Debate Club

Should the Supreme Court Overturn Obama's Healthcare Law? >

Constitution, Court's Precedent on Affordable Care Act's Side

Both the Constitution and the Supreme Court's precedent support upholding the Affordable Care Act

March 26, 2012

About Ian Millhiser:

Ian Millhiser is a policy analyst with the Center for American Progress and the editor of ThinkProgress Justice.

In the words of Judge Laurence Silberman, a leading conservative who received the Presidential Medal of Freedom from President George W. Bush, the lawsuits challenging the Affordable Care Act have no basis "in either the text of the Constitution or Supreme Court precedent." And Silberman is right. The Constitution gives the United States power to "regulate commerce … among the several states," and there is simply no question that a law which regulates one sixth of the nation's economy regulates the nation's commerce.

This not a particularly new idea. As Chief Justice John Marshall put it nearly two centuries ago, there is "no sort of trade" that the words "regulate Commerce" do not apply to, and these words give the United States "full power over the thing to be regulated." The Affordable Care Act regulates trade in healthcare services, and thus America has the full power to regulate this important market.

[See a collection of political cartoons on healthcare.]
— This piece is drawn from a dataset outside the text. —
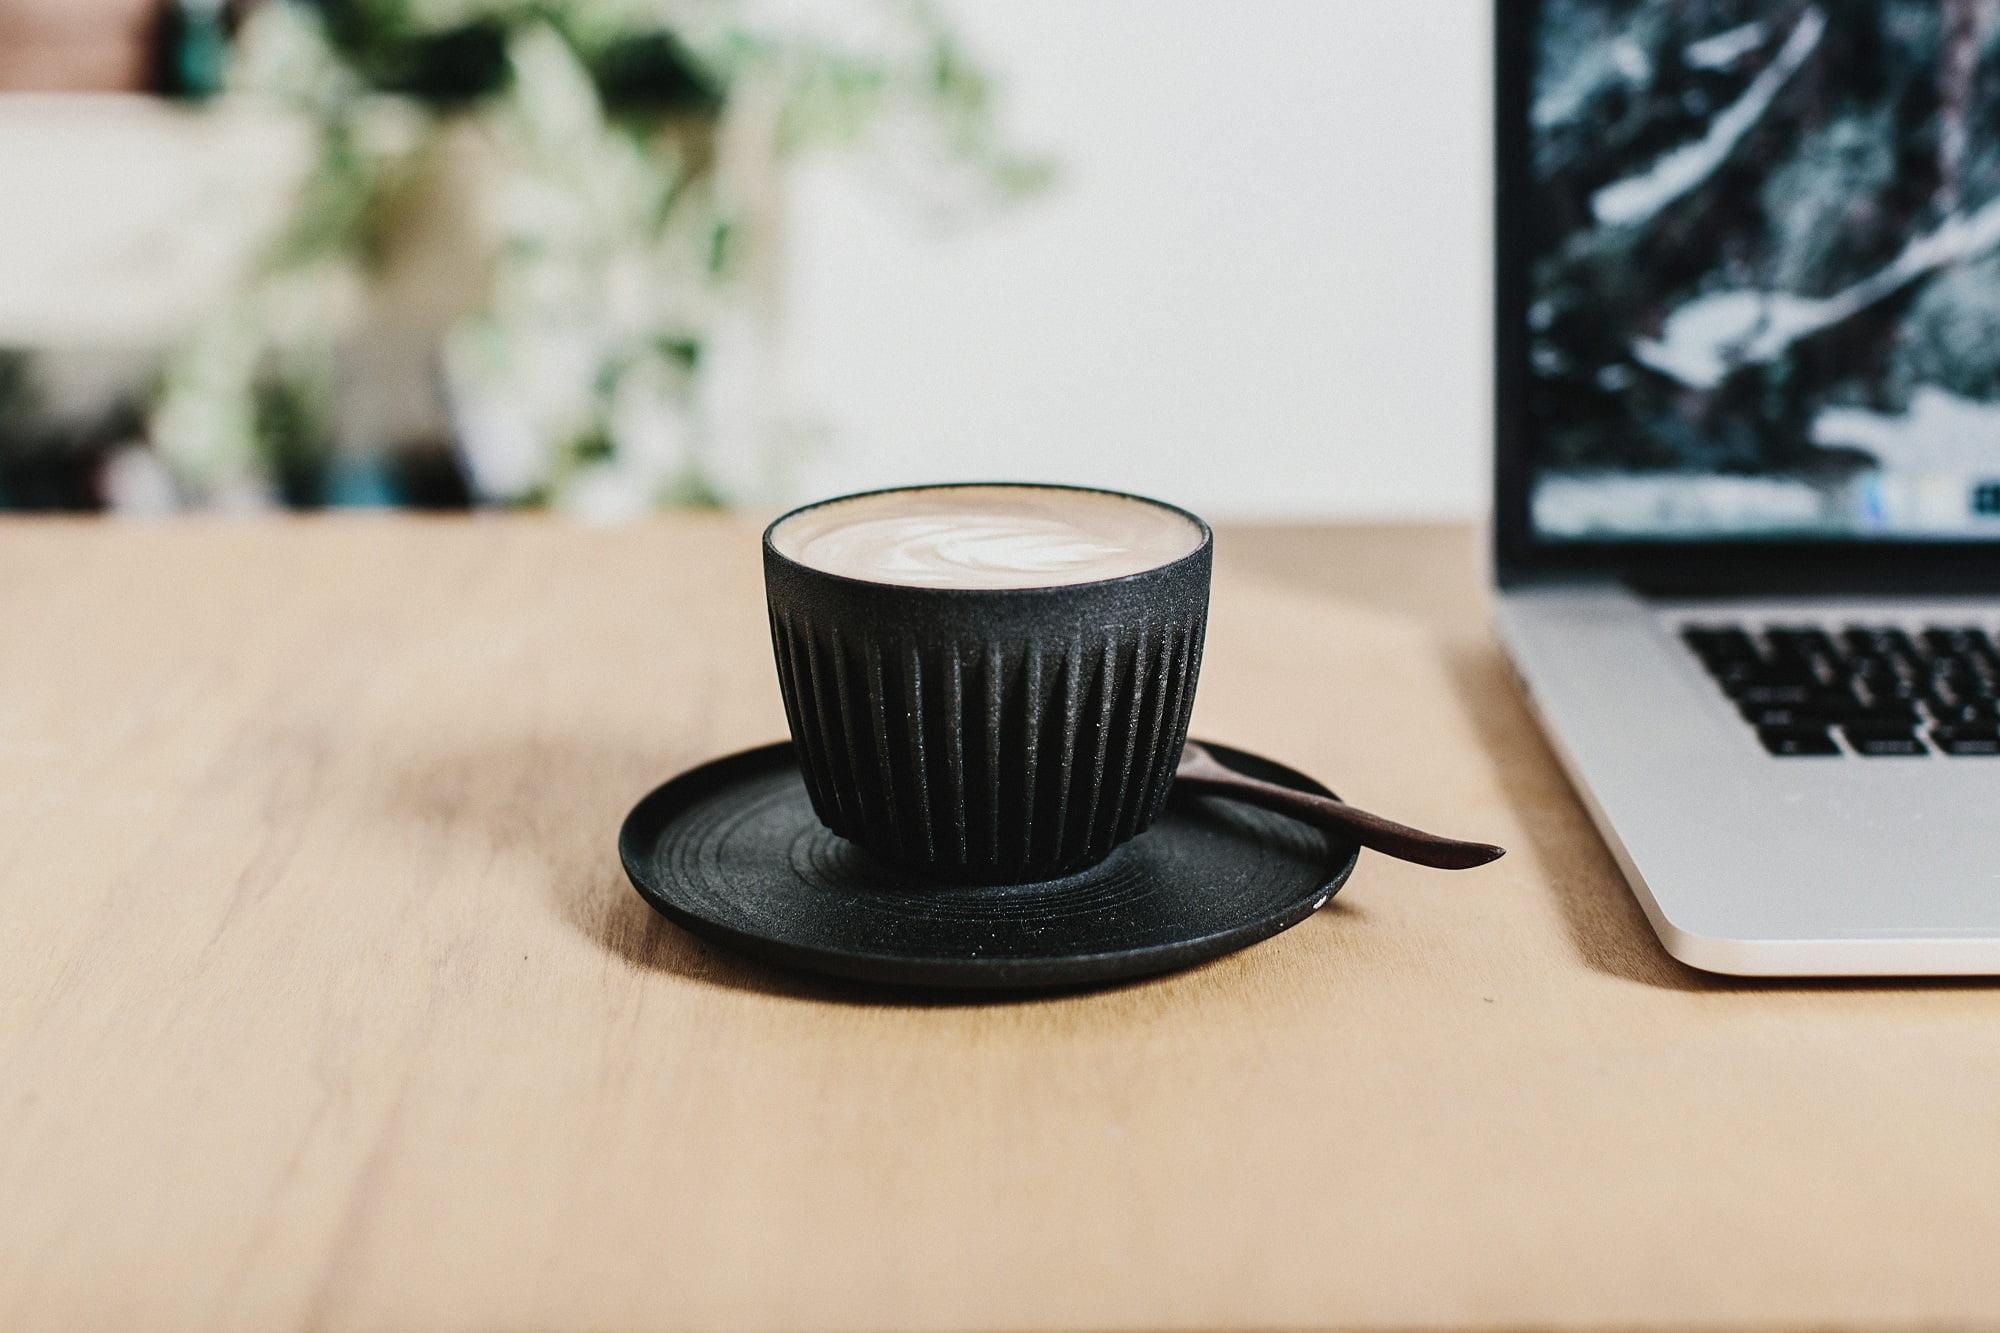 Crean tazas con cáscara de café

In challenging the Affordable Care Act, the law's opponents seek an unprecedented expansion of judicial power that would eradicate all limits on what the nine unelected judges on the Supreme Court can do. Because their entire legal argument has no basis in the Constitution itself, it eliminates any bounds on what judges can do to impose their will on the American people. If judges are free to ignore the Constitution just this once, they can do it whenever they want, and there will no longer be any limits whatsoever on judicial discretion.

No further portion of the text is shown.